This month’s newsletter is dedicated to my brother, Jason San Wong. Jason was a quiet, unassuming hero who always put others first and brought us all together. He was a hero to many and his quiet confidence, his gentle smile and sharp wit will be greatly missed by many.
For almost two decades, FountainBlue has been facilitating leadership and innovation for the FountainBlue community and beyond. Through this work, we’ve found that many companies are ostensibly saying that they are investing in innovation, but are actually doing so.
For example, delivering incremental improvements to make their products and solutions more efficient, more effective, more thorough, more connected, more versatile, more distributed, or less buggy.
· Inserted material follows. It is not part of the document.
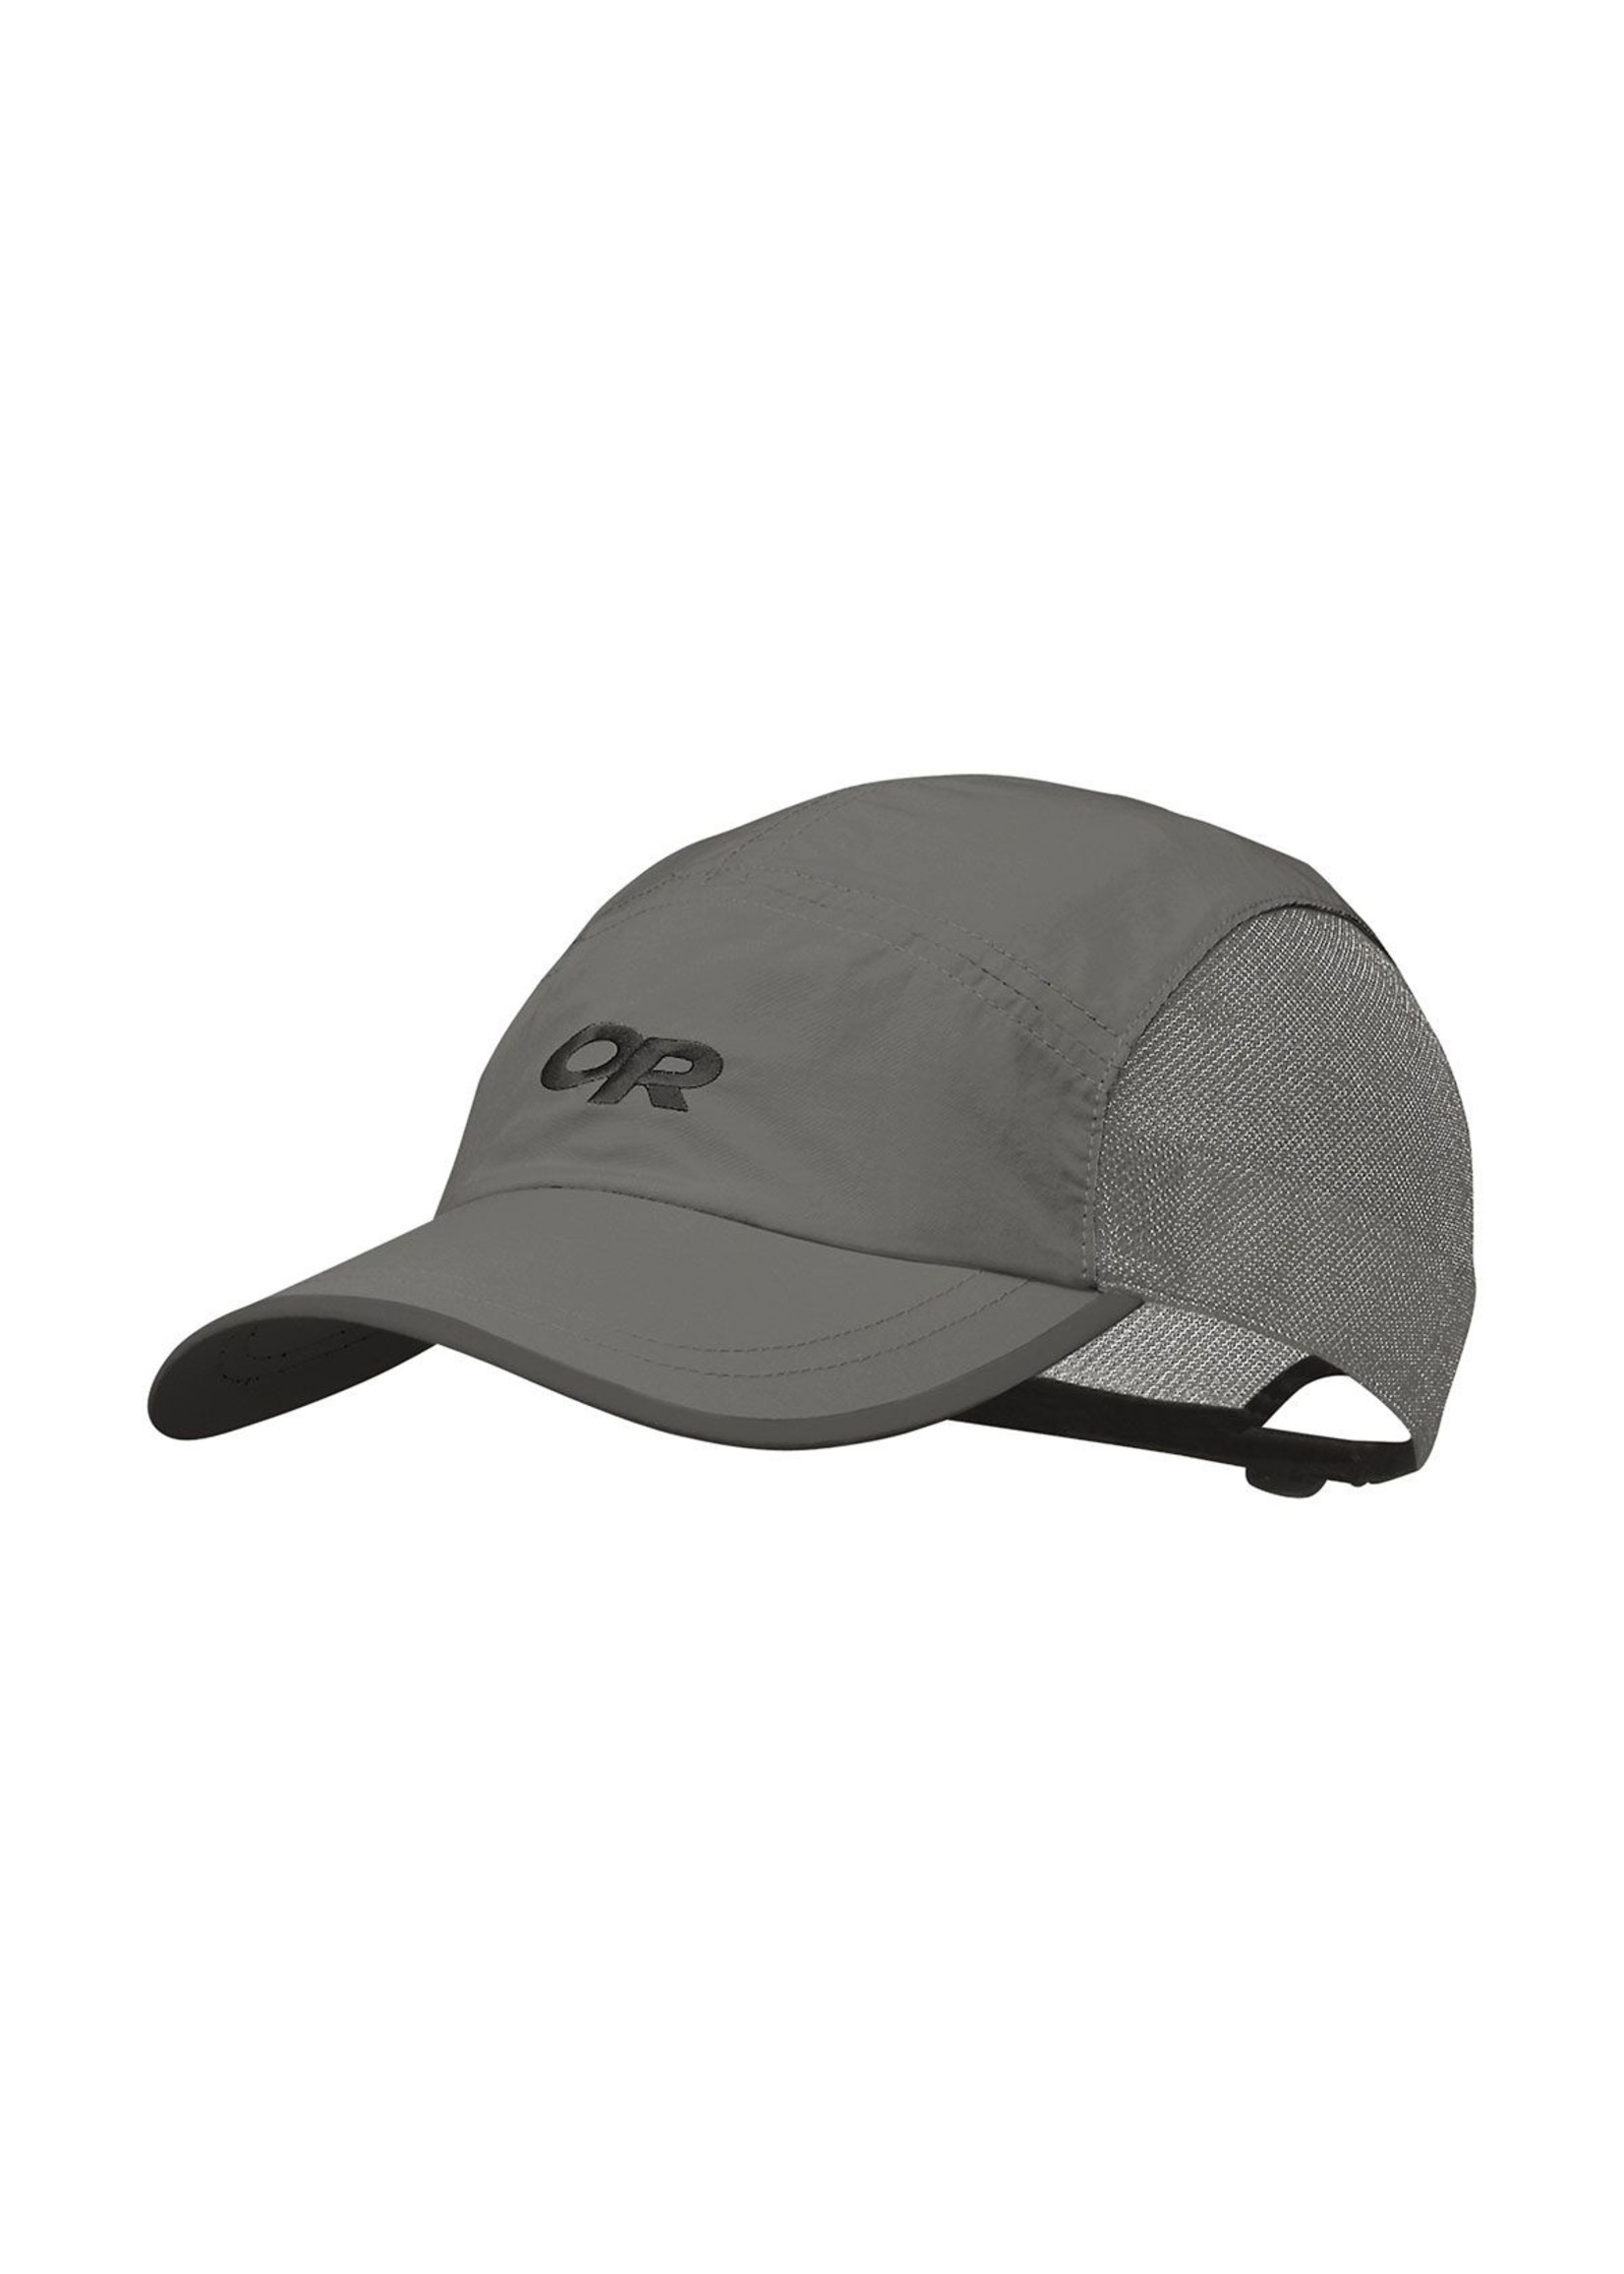 OUTDOOR RESEARCH Casquette Swift avec protection solaire-Unisexe

I believe that allocating funds for incremental innovation is a necessary part of doing business, but ideally, leaders and managers are also investing in innovation projects.
Many companies are expanding their products, services, technologies and applications to across markets, industries, platforms, users, geographies, use cases, etc. Allocating funds for these orthogonal extensions is a strategic part of expanding the business, but innovation is arguably just as critical.
The hypothesis for my upcoming white paper on innovation is that there are two different types of innovation: intentional and transformational and unintentional yet transformational.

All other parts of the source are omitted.